The Amsterdam Manifesto and crystal structures.

Tuesday, March 18th, 2014

I have mentioned the Amsterdam manifesto before on these pages. It is worth repeating the eight simple principles:

  1. Data should be considered citable products of research.
  2. Such data should be held in persistent public repositories.
  3. If a publication is based on data not included with the article, those data should be cited in the publication.
  4. A data citation in a publication should resemble a bibliographic citation and be located in the publication’s reference list.
  5. Such a data citation should include a unique persistent identifier (a DataCite DOI recommended, or other persistent identifiers already in use within the community).
  6. The identifier should resolve to a page that either provides direct access to the data or information concerning its accessibility. Ideally, that landing page should be machine-actionable to promote interoperability of the data.
  7. If the data are available in different versions, the identifier should provide a method to access the previous or related versions.
  8. Data citation should facilitate attribution of credit to all contributors

I just gave a talk at the ACS meeting in Dallas which touched upon the need to emancipate data according to these principles. My talk, in case you are interested, focused particularly upon item 6 above.[1]

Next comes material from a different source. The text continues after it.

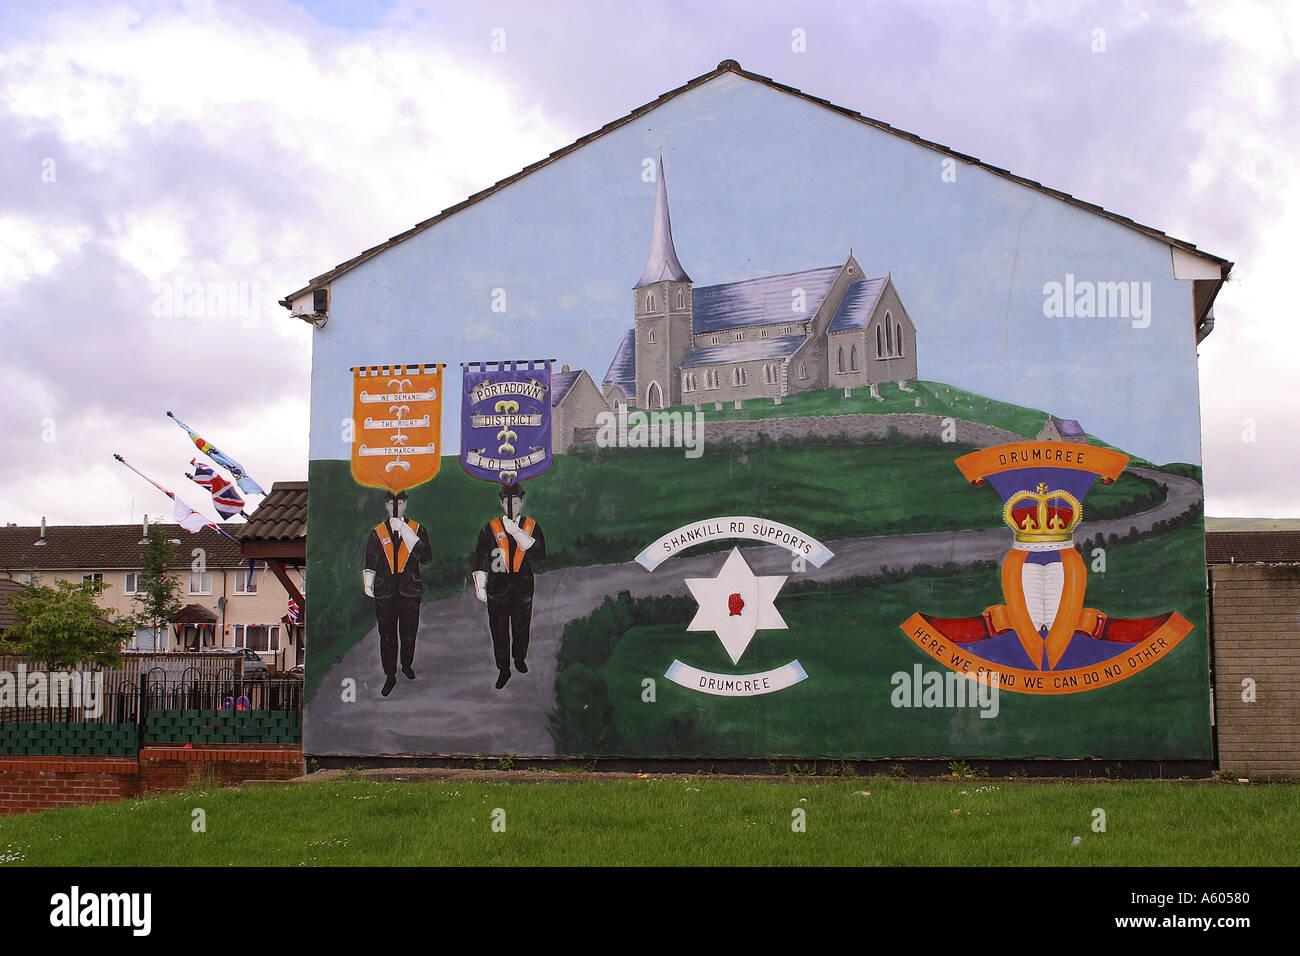 Drumcree Loyalist mural in lower Shankill estate Stock Photo

Just after my talk I heard that crystallographic data was about to be emancipated (my phrase) and so I was interested to find out what this might mean, and how many of the above principles were being adhered to. Indeed, it is an interesting test to apply to any chemistry data that you might find out there. Thus 10.5517/cc10ftfp[2] is the DOI of a recently published crystal data structure. This adheres to points 1-3 and 5 above, and probably also 8. As I have already noted, 6 is the interesting one! So let’s go to the landing page and see what we find.

doi-x1

 

Firstly, note that you do not need any sort of access code to get to this page, it is open to all. But it is after all just a landing page, not actual data. Next, click on the Download button, and you get asked to identify yourself by providing a name, email address and affiliation as mandatory fields, as well as agreeing to conditions of use. I reproduce these conditions here:

Individual CIF data sets are provided freely by the CCDC on the understanding that they are used for bona fide research purposes only. They may contain copyright material of the CCDC or of third parties, and may not be copied or further disseminated in any form, whether machine-readable or not, except for the purpose of generating routine backup copies on your local computer system“.

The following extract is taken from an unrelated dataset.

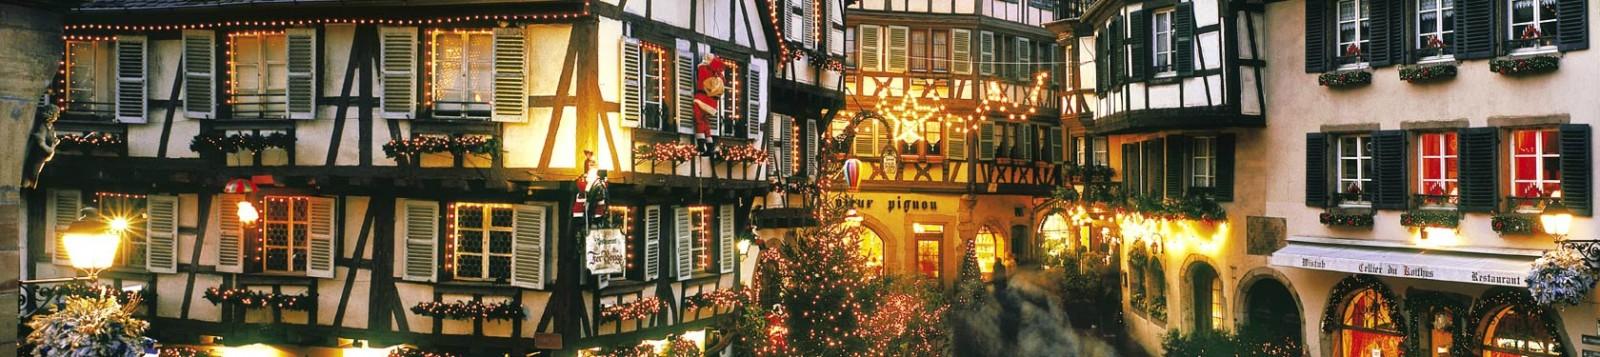 Image De Noel En Alsace.Capitales De Noel En Alsace Voyages Remi

As with most such conditions, it is what one cannot do that is most interesting.

  1. Teach, as for example incorporating the data into lecture notes
  2. Make a copy, e.g. to place into this blog (is this for research purposes?)
  3. Do bona fide research purposes in fact allow a copy to be made, or does the second sentence over-ride the first in this regard, since it lists exclusions and research copying is not an exclusion.
  4. Judging from the landing page, it is pretty much impossible for any machine action to take place (item 6 in the Amsterdam manifesto). Even though the data is machine actionable, the landing page pretty much prevents this from happening. 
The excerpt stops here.